Example: consume the message stream

import { fetchEventSource } from "@microsoft/fetch-event-source";
 
await fetchEventSource("https://api.dialogintelligens.dk/api/v1/chat/messages", {
  method: "POST",
  headers: {
    Authorization: `Bearer ${token}`,
    "Content-Type": "application/json",
  },
  body: JSON.stringify({
    message: {
      parts: [{ type: "text", text: "What is your return policy?" }],
    },
    context: {
      page: window.location.href,
    },
  }),
  onmessage(event) {
    const data = JSON.parse(event.data);
 
    switch (event.event) {
      case "status":
        updateStatus(data.status);
        break;
      case "part_delta":
        applyPartDelta(data.part_id, data.delta);
        break;
      case "part":
        renderFinalPart(data.part);
        break;
      case "done":
        replaceDraftMessage(data.message);
        break;
      case "error":
        showError(data.message);
        break;
    }
  },
});

How markers and actions work together

Markers are assistant parts that tell the client to do something beyond rendering text.

The key link is part_id:

  • the assistant sends a marker part with a part_id
  • your client renders the related UI
  • when the user completes the action, your client sends that same part_id to /actions

Marker behavior

Marker partWhat the client doesFollow-up
show_contact_formRender the fields from the markerSubmit action.type = "contact_form" to /actions
show_support_ticketRender the ticket form and attachment rules from the markerSubmit action.type = "support_ticket" to /actions
request_image_uploadPrompt the user to upload an image that matches the marker constraintsSend a later /messages request with an image part
request_human_agentShow a handoff option in your UIClient-defined flow
customHandle your own key and optional payloadClient-defined flow

Only show_contact_form and show_support_ticket are submitted to POST /api/v1/chat/actions.

Example: submit an action

{
  "part_id": "part_2",
  "action": {
    "type": "contact_form",
    "fields": {
      "name": "Jane Doe",
      "email": "jane@example.com",
      "message": "I need help with my order"
    }
  }
}

The same pattern applies to support_ticket, but with the support ticket payload shape defined in the API reference.

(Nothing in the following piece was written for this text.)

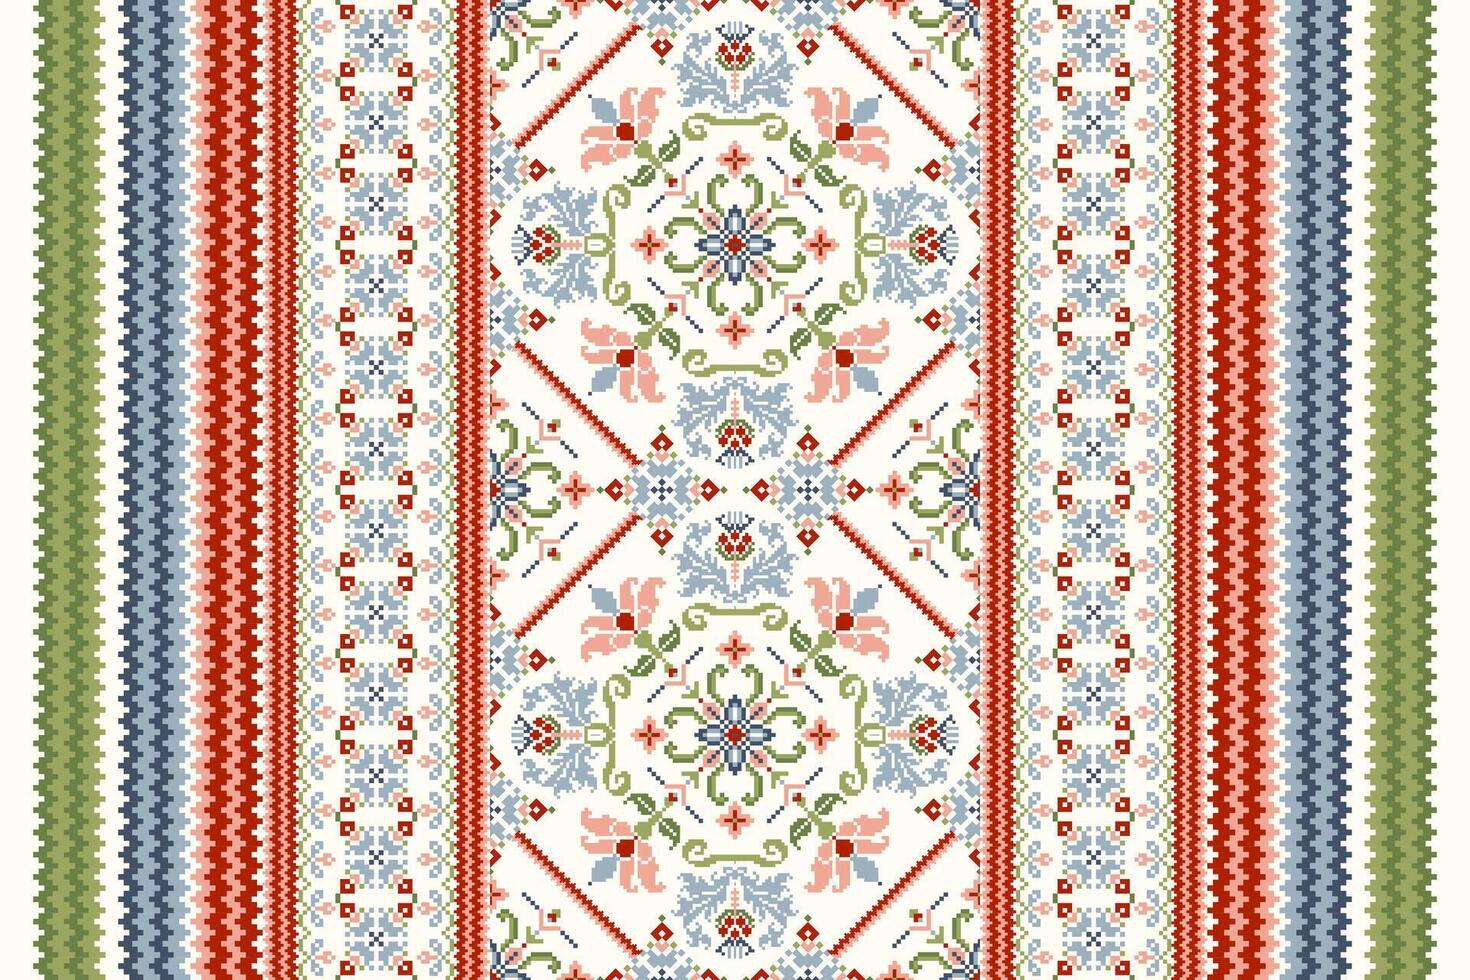 meetkundig etnisch oosters patroon vector illustratie.bloemig pixel kunst borduurwerk Aan wit achtergrond, azteeks stijl, samenvatting achtergrond.ontwerp voor textuur,stof,kleding,verpakking,decoratie,sjaal,print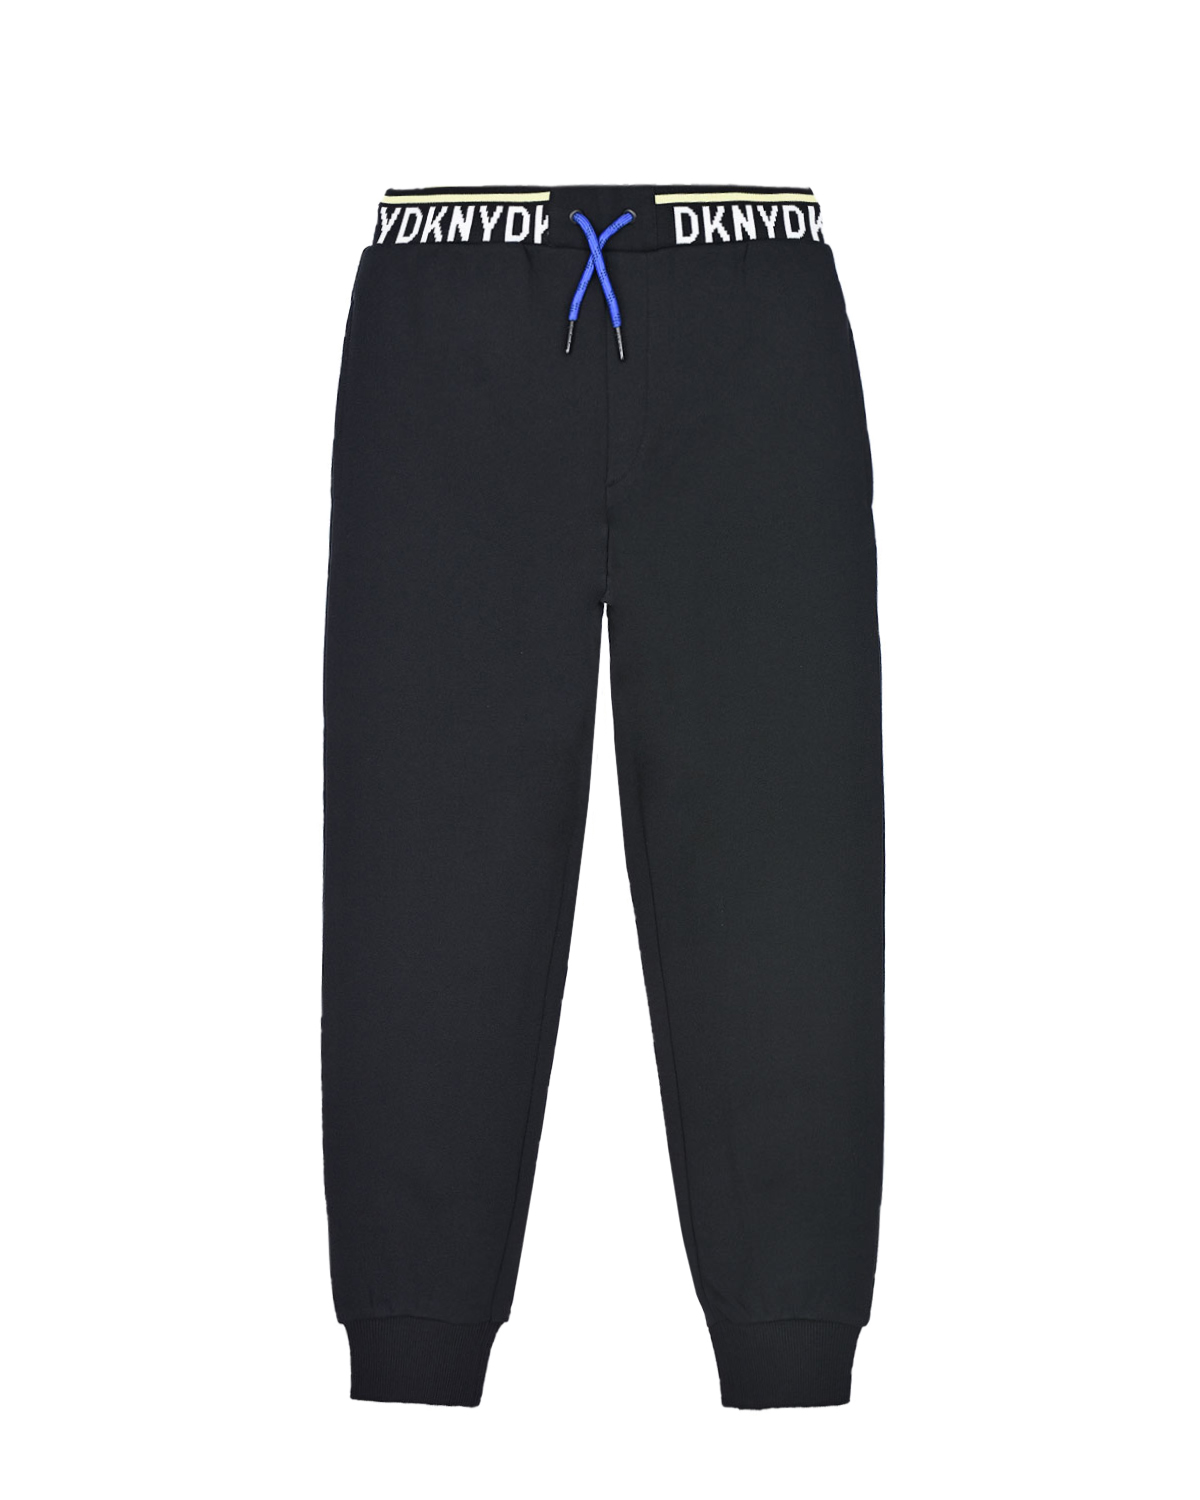 Черные спортивные брюки с логотипом DKNY детские, размер 140, цвет черный - фото 1

History, feedback, and deletion

Once a visitor is authenticated, you can also use:

  • GET /api/v1/chat/messages to load paginated message history
  • POST /api/v1/chat/rate to save a 1-5 conversation rating and optional feedback
  • DELETE /api/v1/chat to remove all data for the current visitor

These endpoints use the same Bearer token as config, messages, and actions.